Rock star Bono's fashion wife on an 'Out of Africa' mission
Ali Hewson, co-founder of Edun, launches collections at Liberty.
Ali Hewson, the co-founder of the eco fashion label, Edun - a for profit business with a social agenda - is a woman on an ‘Out of Africa’ mission. She and her rock star husband, Bono, launched the men’s and womenswear brand five years ago with a remarkable agenda: trade for aid, the creation of jobs to alleviate poverty, to raise awareness of the possibilities in Africa, and to encourage the fashion community to do business there.
The acquisition of a 49% stake, by the luxury conglomerate, LVMH, in May last year, has brought Edun into a world-renowned fashion family, in a position to work for good and to achieve global awareness on a scale never-before envisaged. “It’s given us more muscle,” says Ali.
Edun’s latest collection, launched this week at the London department store, Liberty, demonstrated just how far-reaching the all-embracing mission has become and the breadth of the sustainable, community-based projects in Uganda, Tanzania, Tunisia and Kenya which have been initiated and which focus on the environment, health care and education.
The pre-fall collection on sale at Liberty, for example, includes a capsule range of T-shirts designed by the children of the Bidii School, in Nairobi, Kenya. The designs include giraffes, zebras, village life, rastas, dancers, flowers and market scenes and cost £45 each.
Ali visited the school in February and described for me the grim conditions. “The school is in Kibera, one of the worst slums in Nairobi, with over a million people living in less than one square mile. The teachers do not get paid, and there are 90 children, 35 of whom are orphans, in one classroom. We were introduced to the school by Cristina Cisilino, the founder of MADE (the unique, FairTrade jewellery collection made in Nairobi), who now has some of the Kibera people working for her.
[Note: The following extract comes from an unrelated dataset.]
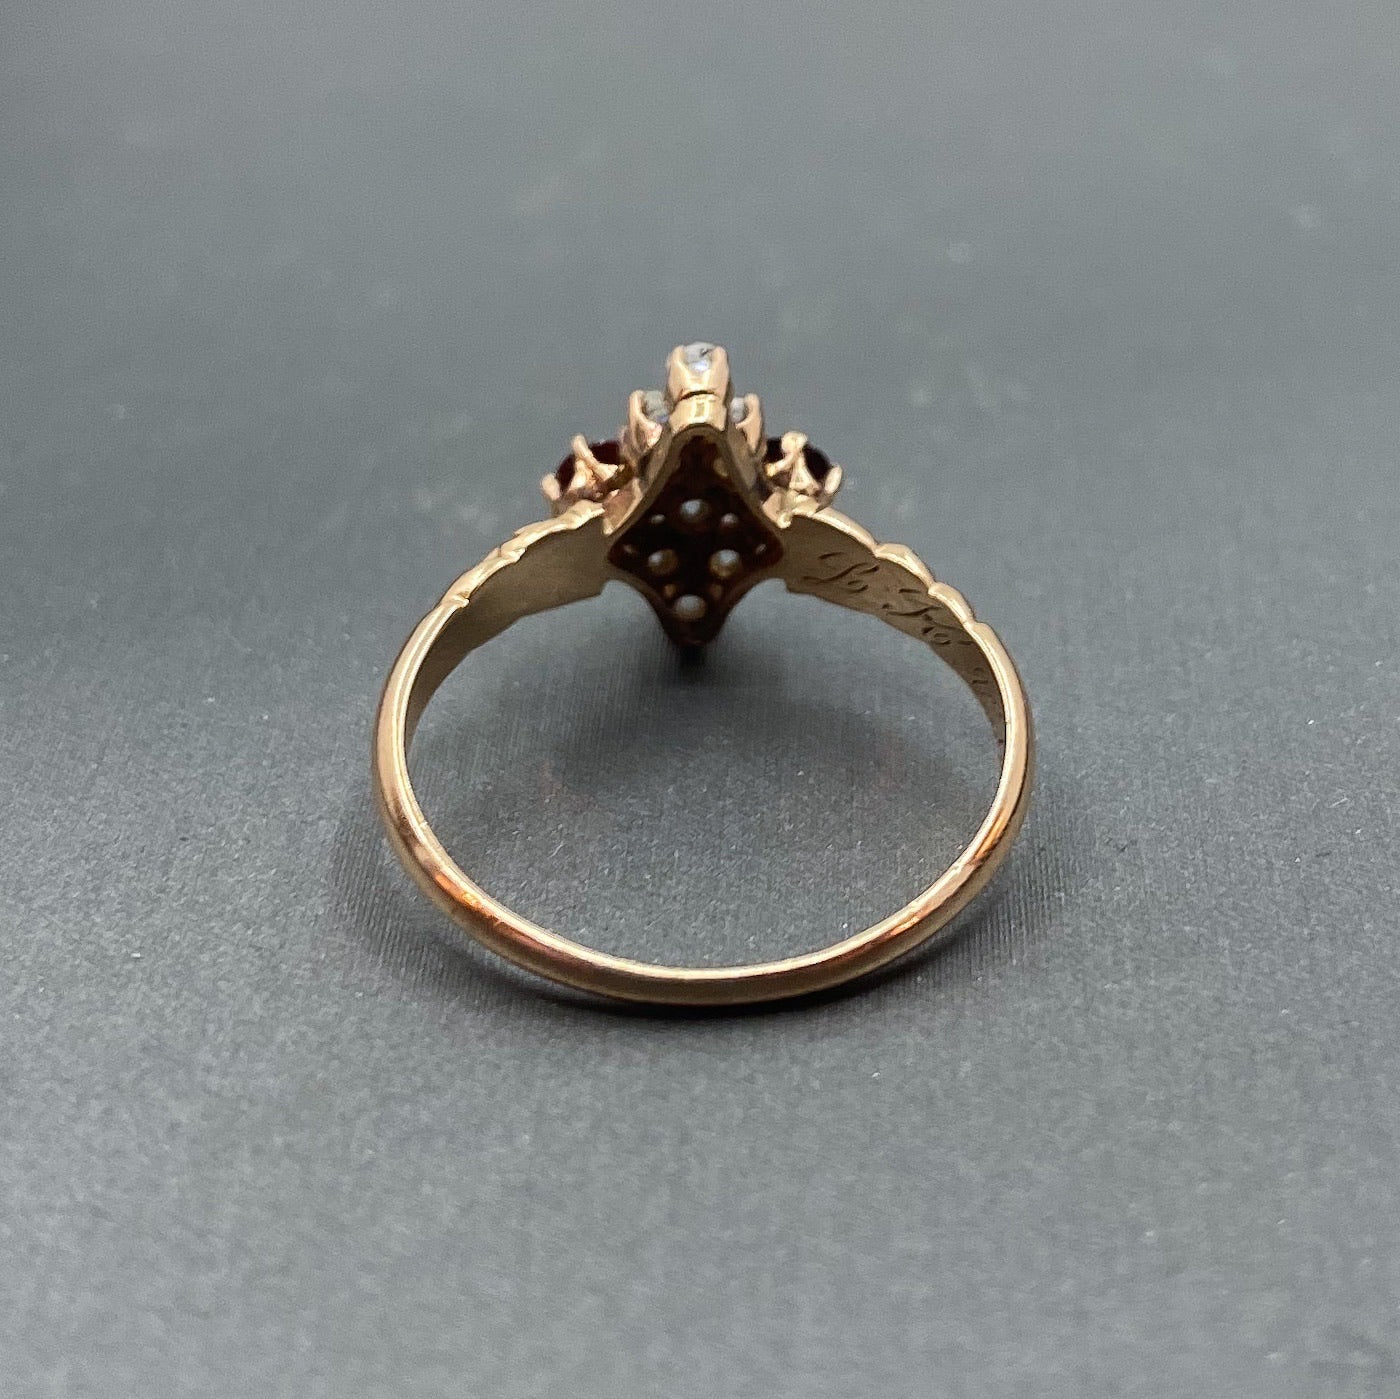 SOLD—Victorian Rose Cut Diamond and Garnet Ring 14k c. 1880

The proceeds from the sale of the T-shirts will go back to the school. It’s another way Edun can get involved; not just in manufacture, but in creativity that has a lasting impact. We’re planning to do more T-shirts with the children for next season.”
A second set of T-shirts represent the output from Edun’s Grow To Sew organic farming project, established last year, in Northern Uganda, in conjunction with the Wildlife Conservation Society, and 800 farmers, displaced by civil war. “Here, Edun is involved in the most elementary way, starting with the growing of cotton. We guaranteed to buy the first year’s production, enough to make 70,000 T-shirts, and now we’re in year two, with 2,300 farmers, so we’ll be able to use some cotton for Edun T-shirts and then sell the rest. 100% of the proceeds go to the Conservation Cotton Initiative (CCI) Uganda CCI.”
To celebrate these projects, Edun has launched another T-shirt design competition with pupils from the Homeleigh School in East London, with entries currently on display in Liberty to be judged by the public. The winning T-shirt design will go on sale at Liberty in November.
“It’s taken five years to get where we are, but now we have a strong team, creative vision and each year we seek to grow more in Africa and make more in Africa.” Ali says. “There’s a lot of complications, a lot of corruption. But we are establishing the aesthetic of Edun and little by little we are getting there. This summer’s collection for example, has a lot of beading and leather details from Africa. When we started we were so naive; we thought we could do more. But we were on the road alone. Now, with LVMH, it has given us more muscle. We can see we will achieve our missions. To have everything made there would be a dream. It’s not impossible, it is just going to take time”.
In line with Edun’s objectives, the pre-fall collection proper, takes its inspiration from Africa and the effortless style it evokes of travellers on a journey through the Sahara Desert. In sand tones, in a mix of cotton, hemp, denim and linen, the collection is available from Liberty, from £44 - £635.
The recent appointment of the Paris-based, Irish designer, Sharon Wauchob, as Edun’s creative director, is intended to further broaden the brand’s fashion offering and to make more use of the African connection. Wauchob, who has made several visits to Africa, will show her first Edun collection at the forthcoming New York Fashion Week in September - coincidentally also the first time Edun has ever staged a catwalk show. Included on the runway will be some of the Bidii School T-shirts. Out of Africa indeed!